Receiving a cancer diagnosis is hard enough, but even after treatment many women with breast cancer experience decreased quality of life, fatigue, depression and memory loss, and they are often told these symptoms are all in their heads.
College of Nursing Associate Dean and Professor Debra Lyon has spent the last 20 years identifying objective measures that may illuminate new pathways for treating distressing symptoms in cancer survivors. As a psychiatric nurse, her interest in breast cancer research stems from the desire to understand the stigma breast cancer patients and survivors face when encountering these conditions.
“Breast cancer patients and survivors may be told that feeling tired and not feeling well is all in their head,” Lyon says. “As nurses, we are always trying to push through the stigma that these common distressing symptoms and conditions are not considered as physiologically based as other conditions. My aim is to discover physiological pathways that lead to developing new therapies to cure the disease and additional long-term consequences and side effects.”
Lyon’s research is concentrated on the “-omic” fields of biological sciences, such as genomics, transcriptomics, proteomics or metabolomics.
Her current work focuses on -omic measures of blood markers and their association with outcomes. This includes the intersection of biology, symptom manifestations and quality of life, primarily for women with breast cancer.
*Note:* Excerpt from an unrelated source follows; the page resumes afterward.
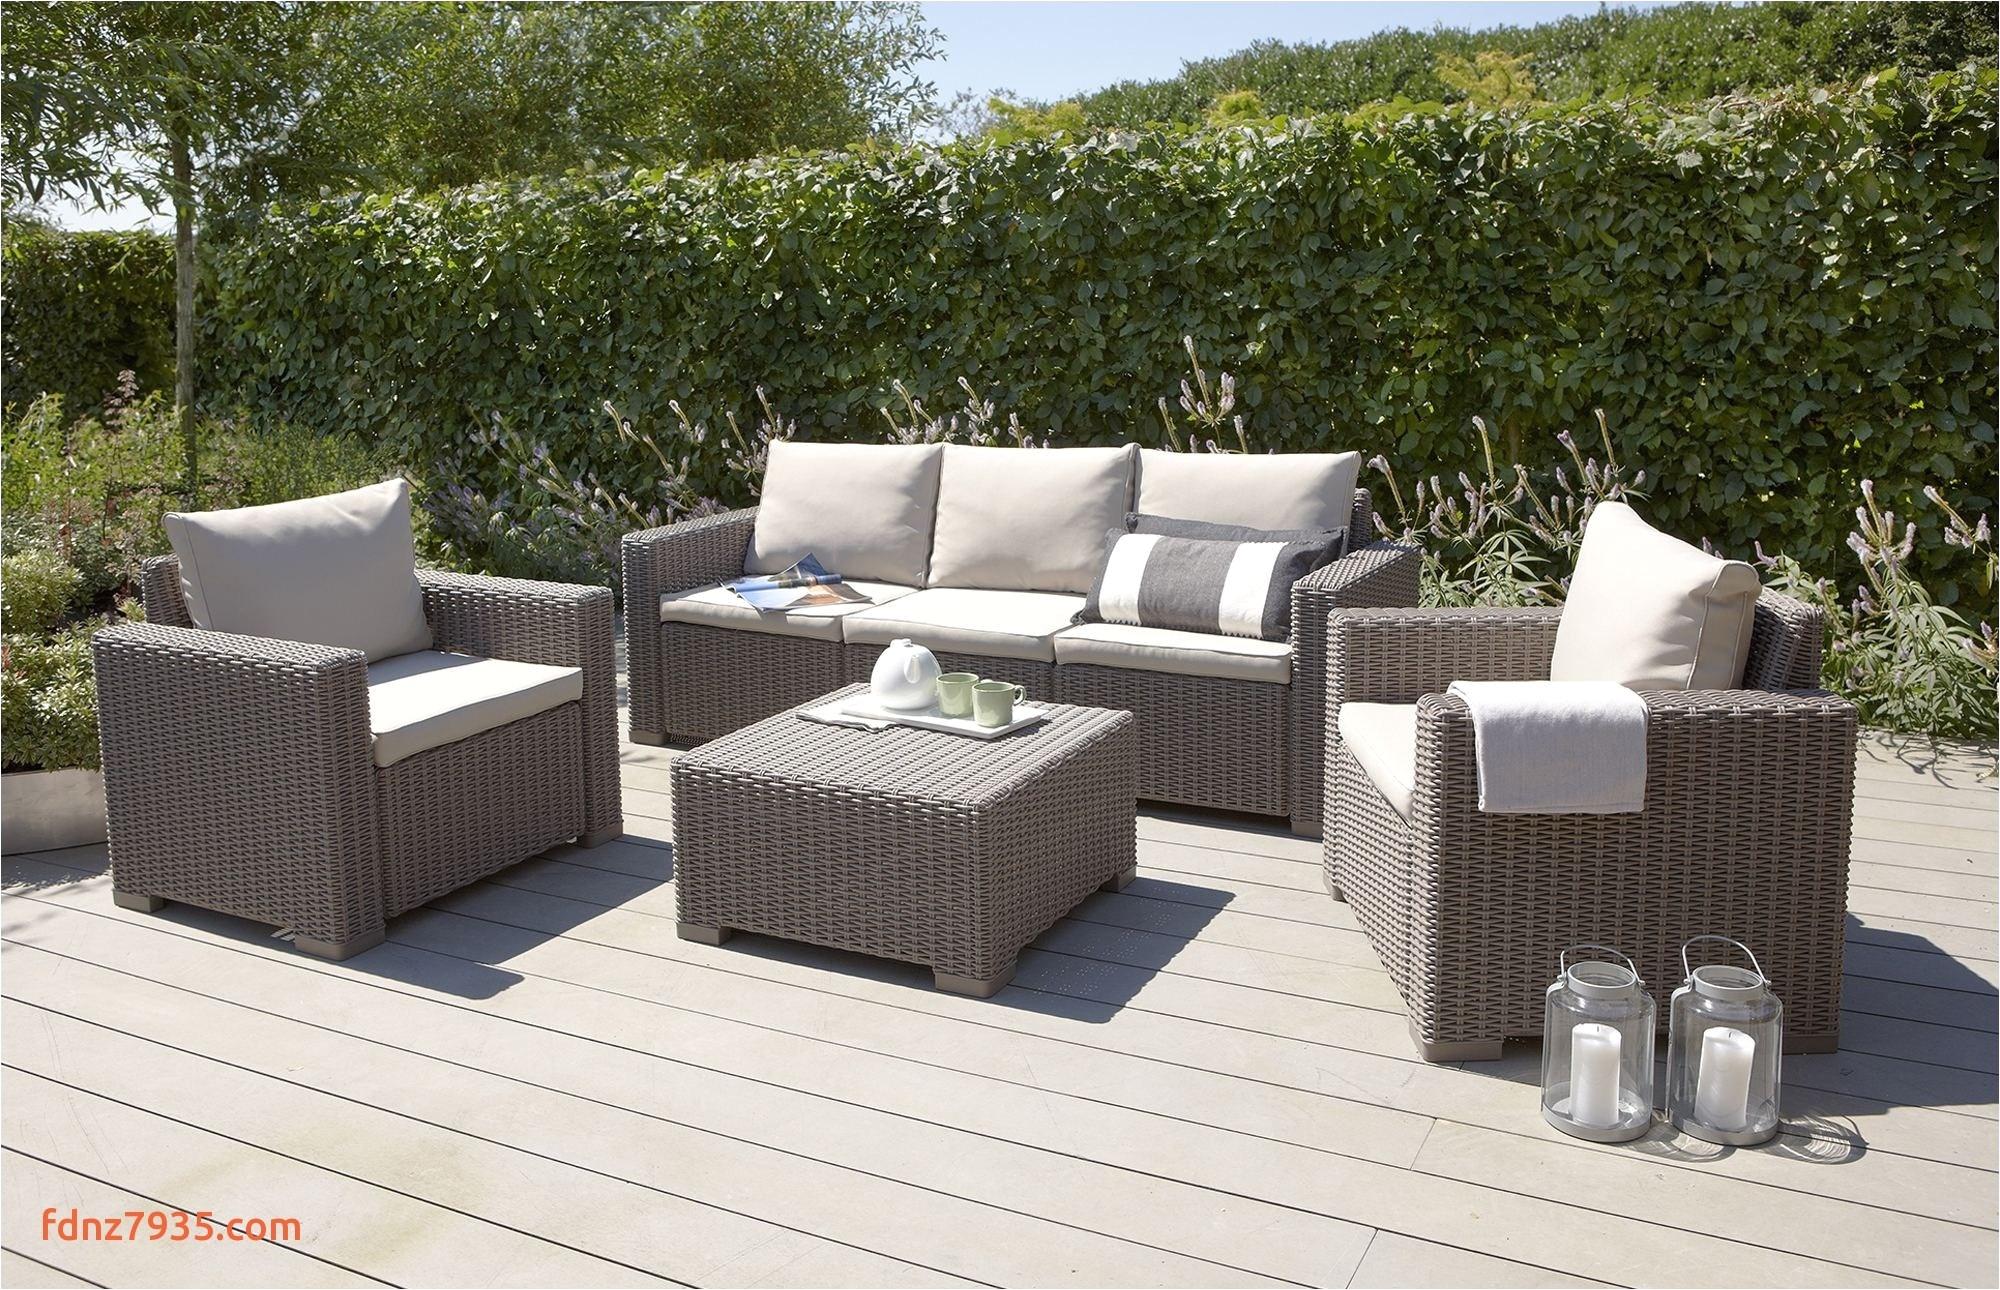 0d chairs house beautiful outdoor furniture sale costco garden gorgeous impressive patio costco outdoor furniture sale
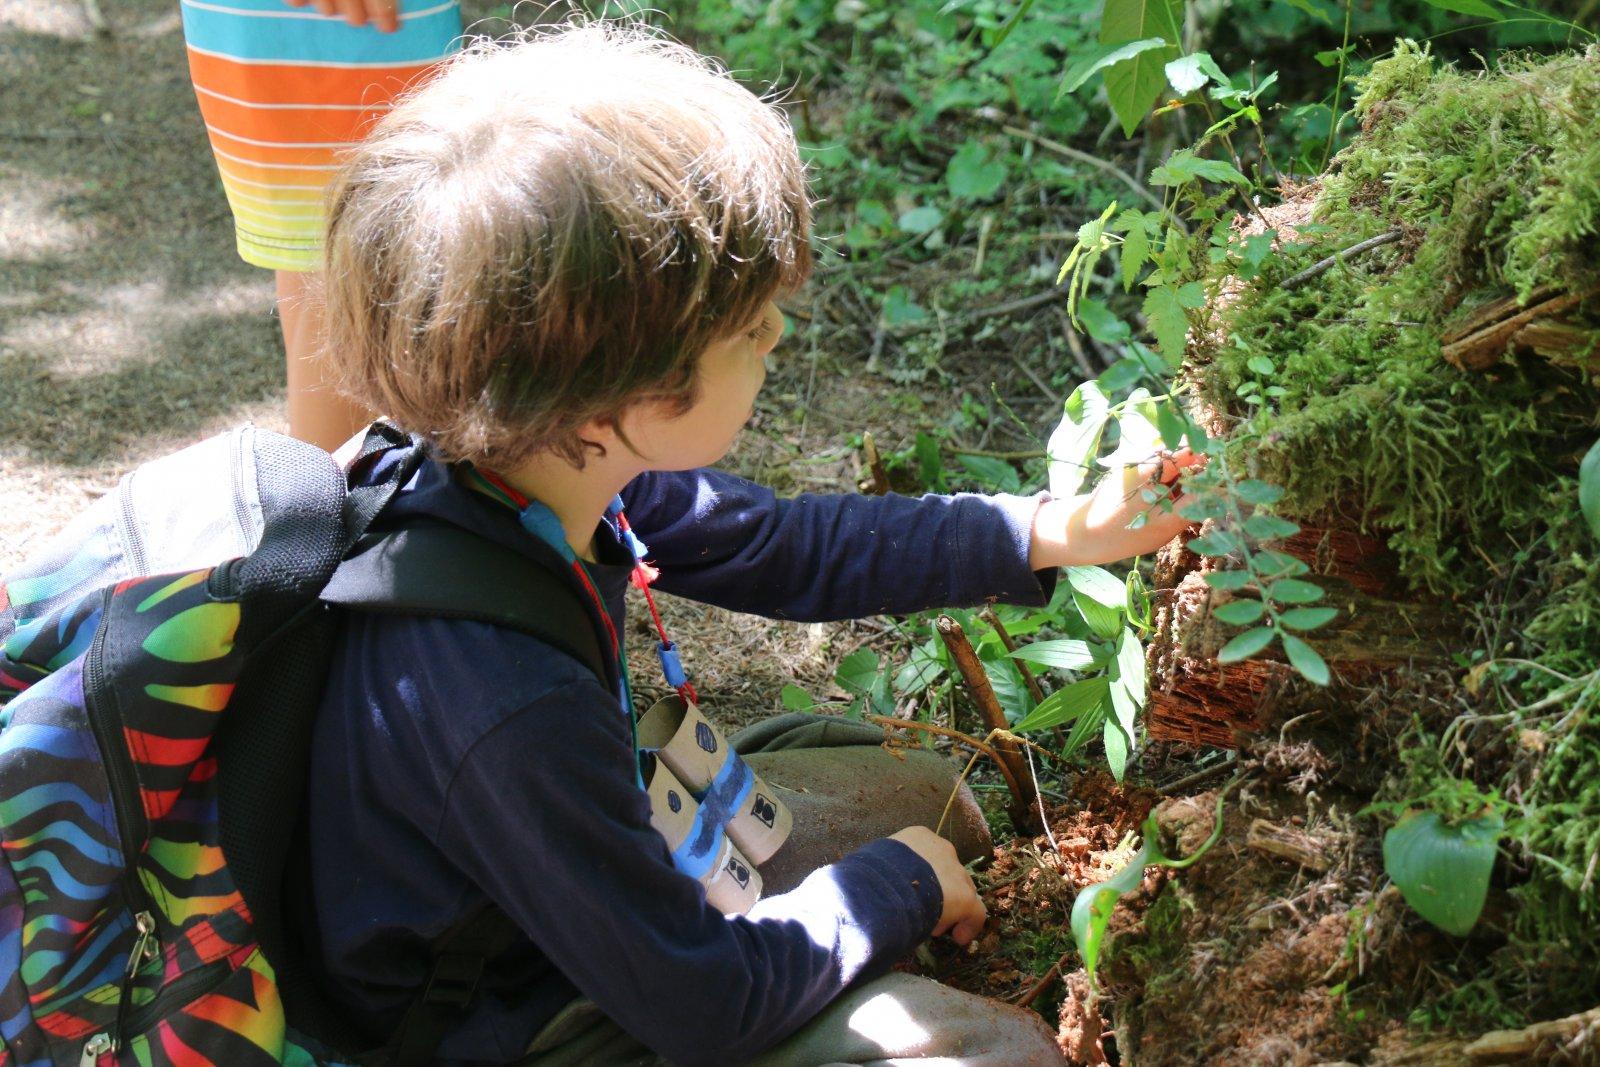 Boy making a bird's nest in Saturday Academy class

Two recent studies published in the journals Epigenetics and the Journal of Neuroimmunology highlight the association of sophisticated blood markers with patient-oriented outcomes of depression, fatigue and cognitive dysfunction, including memory impairments. Lyon found that changes in cytokines — proteins that signal communication among cells — during chemotherapy contribute to symptoms of fatigue among breast cancer patients.
Lyon’s other focus is on expanding the pipeline of minority students who will form the researchers and clinicians of the future and help eliminate health disparities in cancer. As the director of the Research Education Core at UF for a five-year, $16 million grant from the National Cancer Institute to establish the Florida-California Cancer Center Research, Education and Engagement (CaRE2) Health Equity Center, Lyon works with other researchers from this multi-site project to support translational cancer research and training among minority populations.
“Individuals always prefer to see providers with shared cultural understanding,” Lyon says. “By building the pipeline of minority researchers and clinicians, we are increasing the multicultural understanding and outcomes of cancer in populations experiencing health disparities, and we are accomplishing it in a way that is culturally congruent. Personally, I love the science behind my research in cancer, but I find the opportunity to support and establish the next generation of researchers very rewarding, especially as it relates to expanding the diversity and experiences through minority researchers.”